Script
For templating in script
, see templating
Choosing your language
You can specify the path of interpreter to lang
. If the interpreter is in $PATH
, you can directly give the basename of the interpreter (i.e. python
instead of /path/to/python
).
For example, if you have your own perl installed at /home/user/bin/perl
, then you need to tell pipen
where it is: lang = "/home/user/bin/perl"
. If /home/user/bin
is in your $PATH
, you can simply do: lang = "perl"
You can also use shebang to specify the interperter:
#!/home/usr/bin/perl
# You perl code goes here
If you have shebang in your script, the lang
specified in the configuration files and Pipen
constructor will be ignored (but the one specified in process definition is not).
Use script from a file
You can also put the script into a file, and use it with a file://
prefix: script = "file:///a/b/c.pl"
Note
You may also use a script file with a relative path, which is relative to where process is defined. For example: a process with script = "file://./scripts/script.py"

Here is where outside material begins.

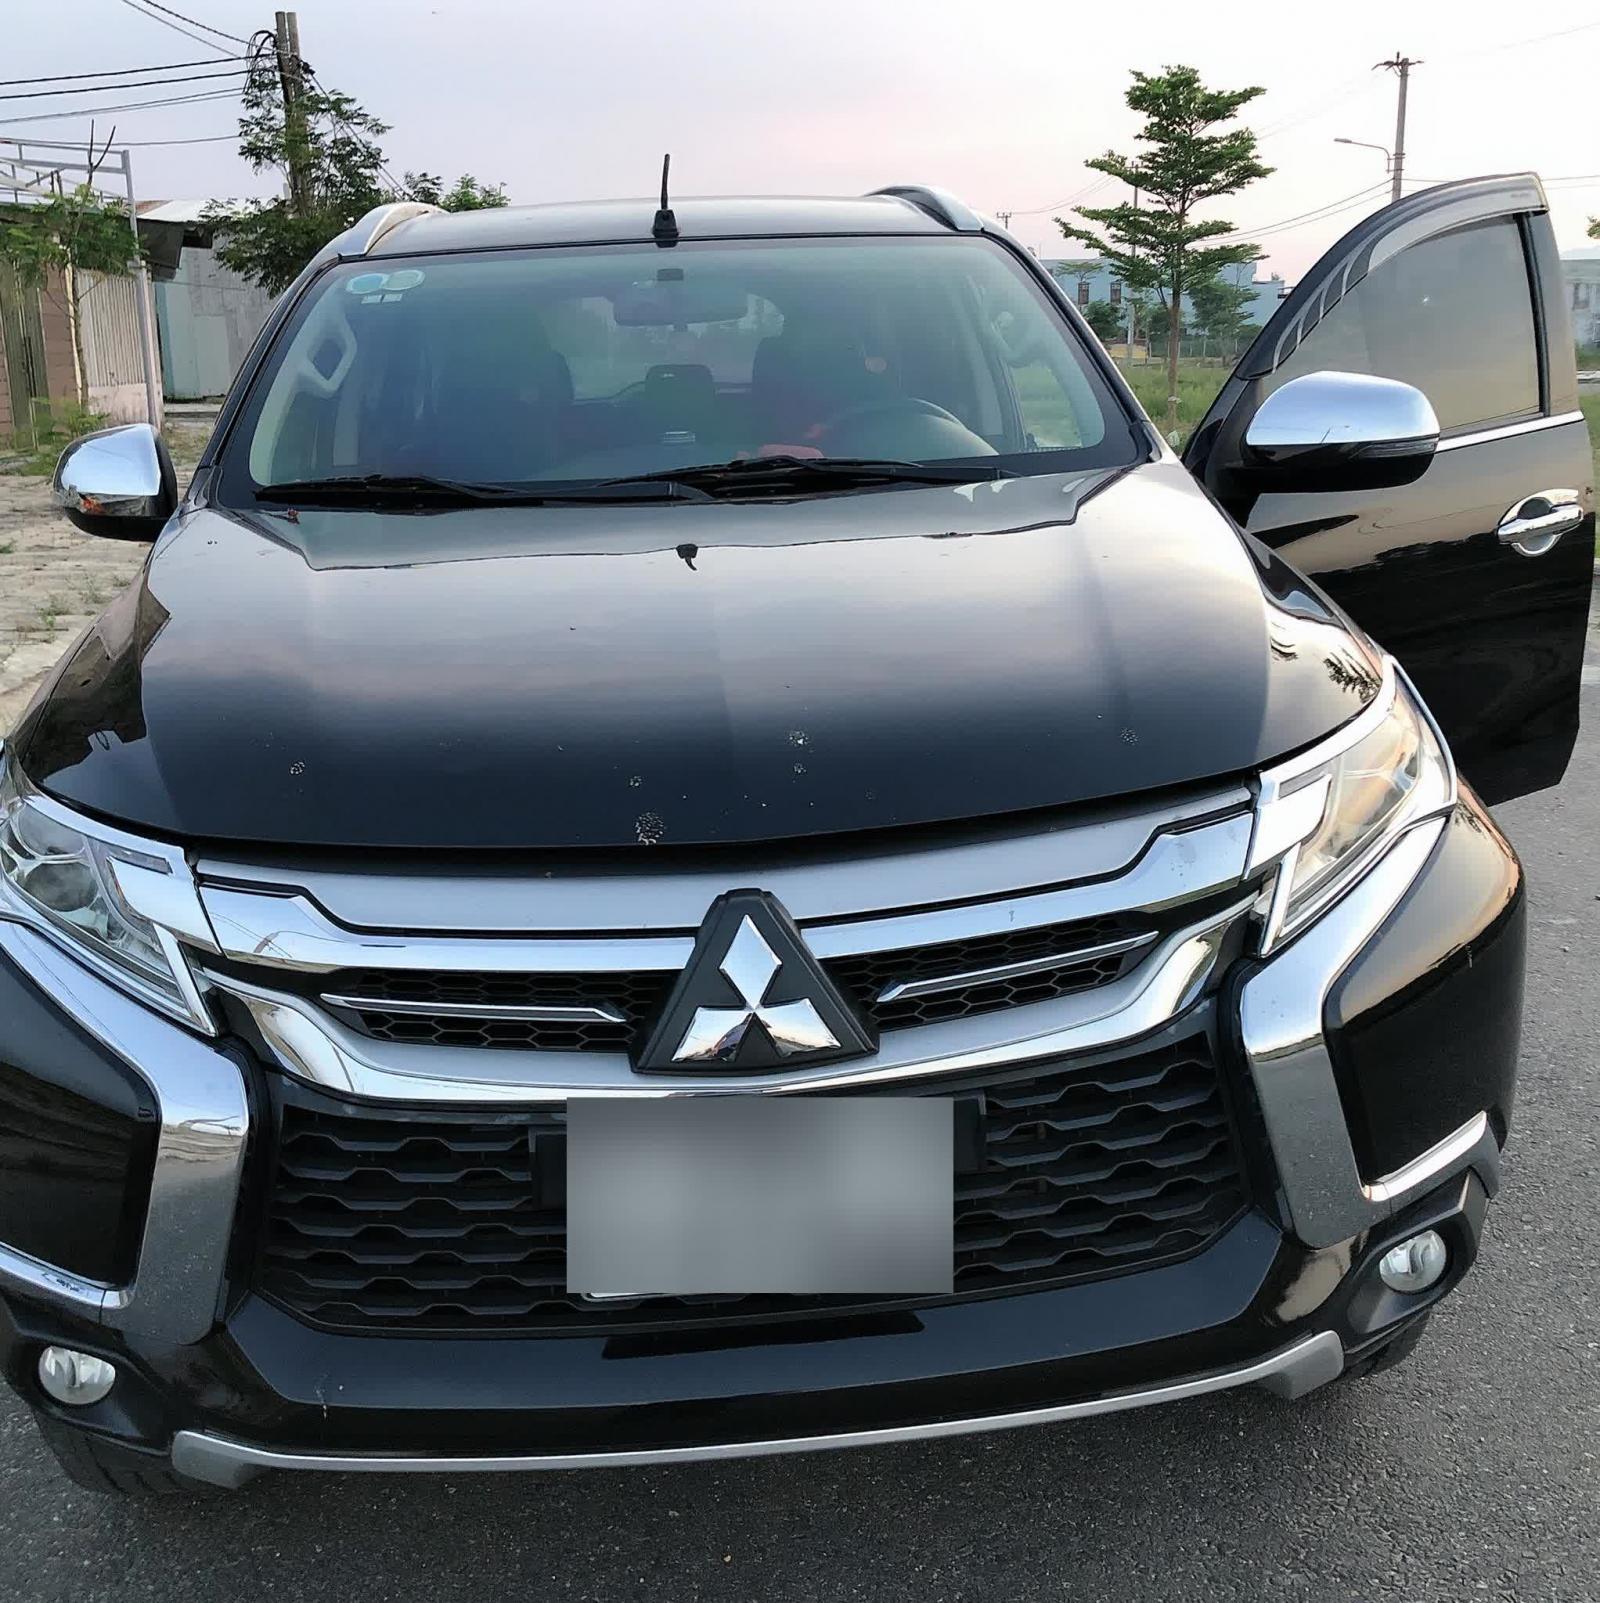 Mitsubishi Pajero 2019 - CHÍNH CHỦ BÁN XE 7 CHỖ ,MiTSUBISHI PAjERO SPORT 2.4D MT 2019

is defined in /a/b/pipeline.py
, then the script file refers to /a/b/scripts/script.py
Hint
Indents are important in python, when you write your scripts, you don't have to worry about the indents in your first empty lines. For example, you don't have to do this:
class P1(Proc):
lang = "python"
script = """
import os
import re
def somefunc ():
pass
"""
You can do this:
class P1(Proc):
lang = "python"
script = """
import os
import re
def somefunc ():
pass
"""
Only the first non-empty line is used to detect the indent for the whole script.
Debugging your script
If you need to debug your script, you just need to find the real running script, which is at: <pipeline-workdir>/<proc-name>/<job.index>/job.script
. The template is rendered already in the file. You can debug it using the tool according to the language you used for the script.
Caching your results
Job results get automatically cached previous run is successful and input/output data are not changed, see caching.
However, there are cases when you want to cache some results even when the job fails. For example, there is a very time-consuming chunk of code in your script that you don't want to run that part each time if it finishes once. In that case, you can save the intermediate results in a directory under <job.outdir>
, where the directory is not specified in output
. This keeps that directory untouched each time when the running data get purged if previous run fails.